Mingbao Sun posted 2 patches 4 years, 3 months ago
drivers/nvme/host/fabrics.c    | 24 ++++++++++++++++
drivers/nvme/host/fabrics.h    |  2 ++
drivers/nvme/host/tcp.c        | 20 ++++++++++++-
drivers/nvme/target/configfs.c | 52 ++++++++++++++++++++++++++++++++++
drivers/nvme/target/nvmet.h    |  1 +
drivers/nvme/target/tcp.c      | 27 ++++++++++++++++++
6 files changed, 125 insertions(+), 1 deletion(-)
[PATCH 0/2] NVMe_over_TCP: support specifying the congestion-control
Posted by Mingbao Sun 4 years, 3 months ago
From: Mingbao Sun <tyler.sun@dell.com>

Hi all,

congestion-control could have a noticeable impaction on the
performance of TCP-based communications. This is of course true
to NVMe_over_TCP.

Different congestion-controls (e.g., cubic, dctcp) are suitable for
different scenarios. Proper adoption of congestion control would benefit
the performance. On the contrary, the performance could be destroyed.

Though we can specify the congestion-control of NVMe_over_TCP via
writing '/proc/sys/net/ipv4/tcp_congestion_control', but this also
changes the congestion-control of all the future TCP sockets that
have not been explicitly assigned the congestion-control, thus bringing
potential impaction on their performance.

So it makes sense to make NVMe_over_TCP support specifying the
congestion-control.

The first commit addresses the target side, and the second one
addresses the host side.

Mingbao Sun (2):
  nvmet-tcp: support specifying the congestion-control
  nvme-tcp: support specifying the congestion-control

 drivers/nvme/host/fabrics.c    | 24 ++++++++++++++++
 drivers/nvme/host/fabrics.h    |  2 ++
 drivers/nvme/host/tcp.c        | 20 ++++++++++++-
 drivers/nvme/target/configfs.c | 52 ++++++++++++++++++++++++++++++++++
 drivers/nvme/target/nvmet.h    |  1 +
 drivers/nvme/target/tcp.c      | 27 ++++++++++++++++++
 6 files changed, 125 insertions(+), 1 deletion(-)

-- 
2.26.2
Re: [PATCH 0/2] NVMe_over_TCP: support specifying the congestion-control
Posted by Mingbao Sun 4 years, 3 months ago
I feel that I'd better address this a little bit more to express the
meaning behind this feature.

You know, InfiniBand/RoCE provides NVMe-oF a lossless network
environment (that is zero packet loss), which is a great advantage
to performance.

In contrast, 'TCP/IP + ethernet' is often used as a lossy network
environment (packet dropping often occurs). 
And once packet dropping occurs, timeout-retransmission would be
triggered. But once timeout-retransmission was triggered, it’s a great
damage to the performance.

So although NVMe/TCP may have a bandwidth competitive to that of
NVMe/RDMA, but the packet dropping of the former is a flaw to
its performance.

However, with the combination of the following conditions, NVMe/TCP
can almost be as competitive as NVMe/RDMA in the data center.

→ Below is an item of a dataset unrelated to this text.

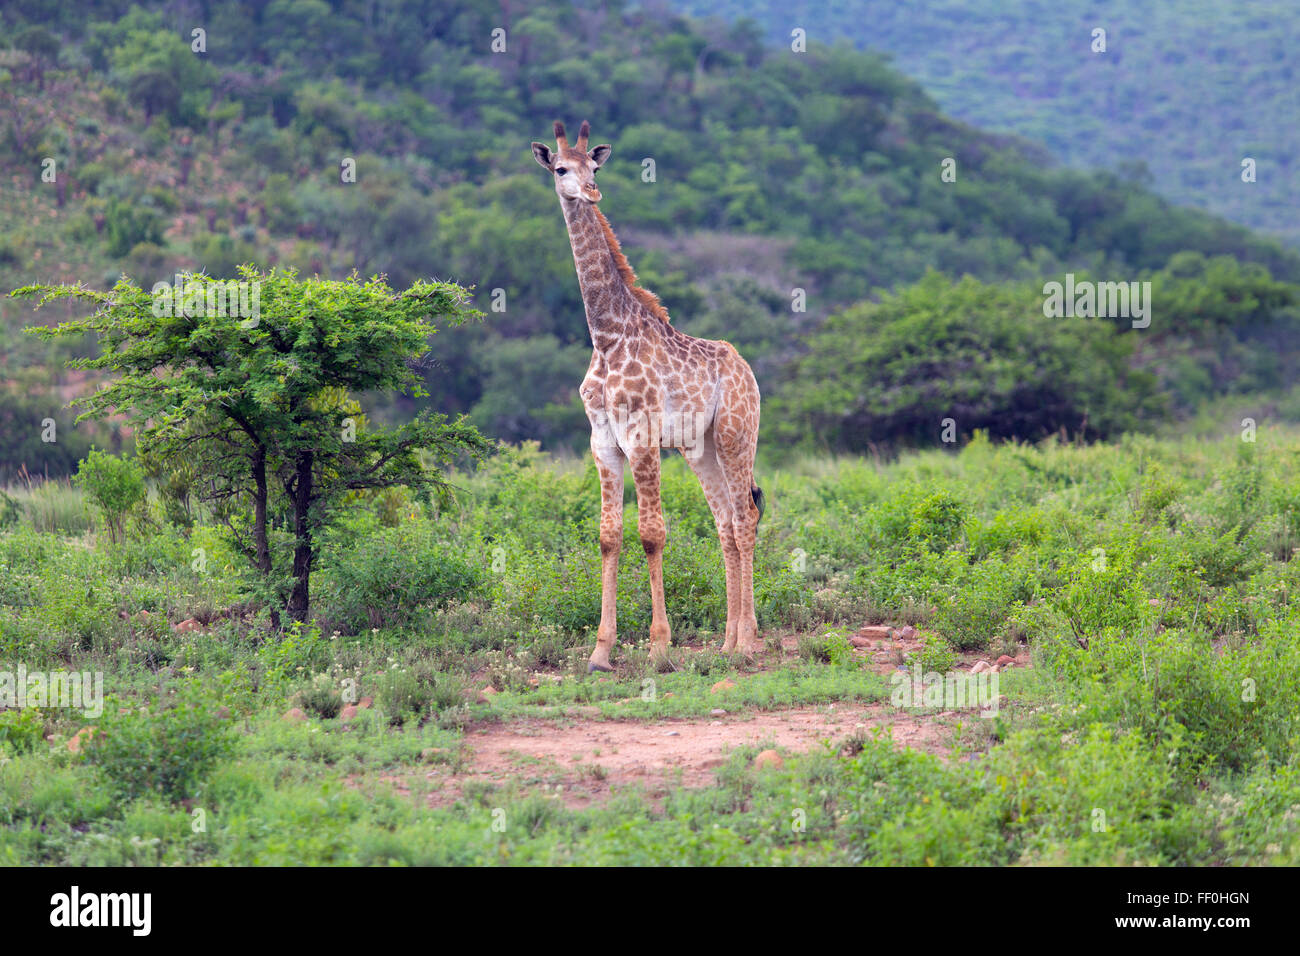 Cape Giraffe Giraffa camelopardalis feeding Stock Photo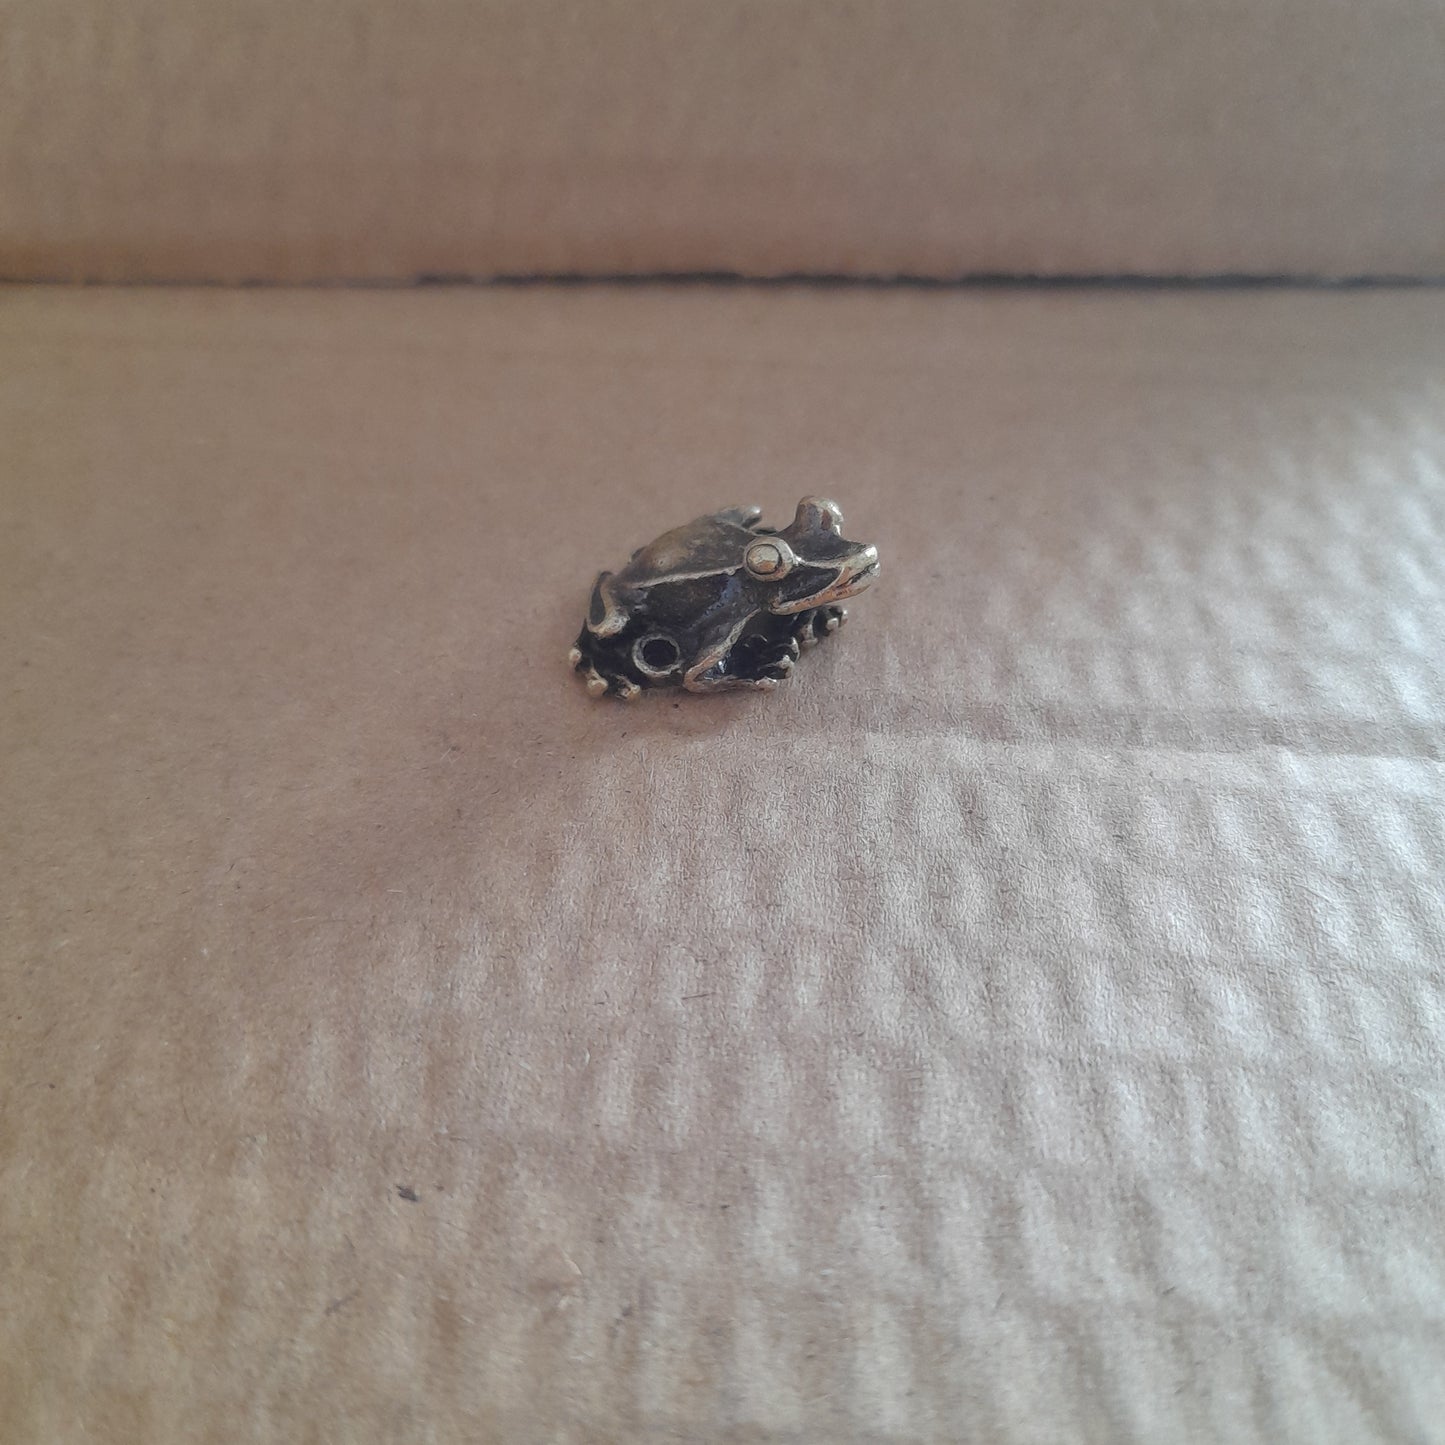 Miniture Frog incense holder

  - Ethernet NICs supporting QoS configuration (support mapping TOS/DSCP
    in IP header into priority, support PFC)

  - Ethernet Switches supporting ECN marking, supporting adjusting
    buffer size of each priority.

  - NVMe/TCP supports specifying the tos for its TCP traffic
    (already implemented)

  - NVMe/TCP supports specifying dctcp as the congestion-control of its
    TCP sockets (the work of this feature)

So this feature is the last item from the software aspect to form up the
above combination.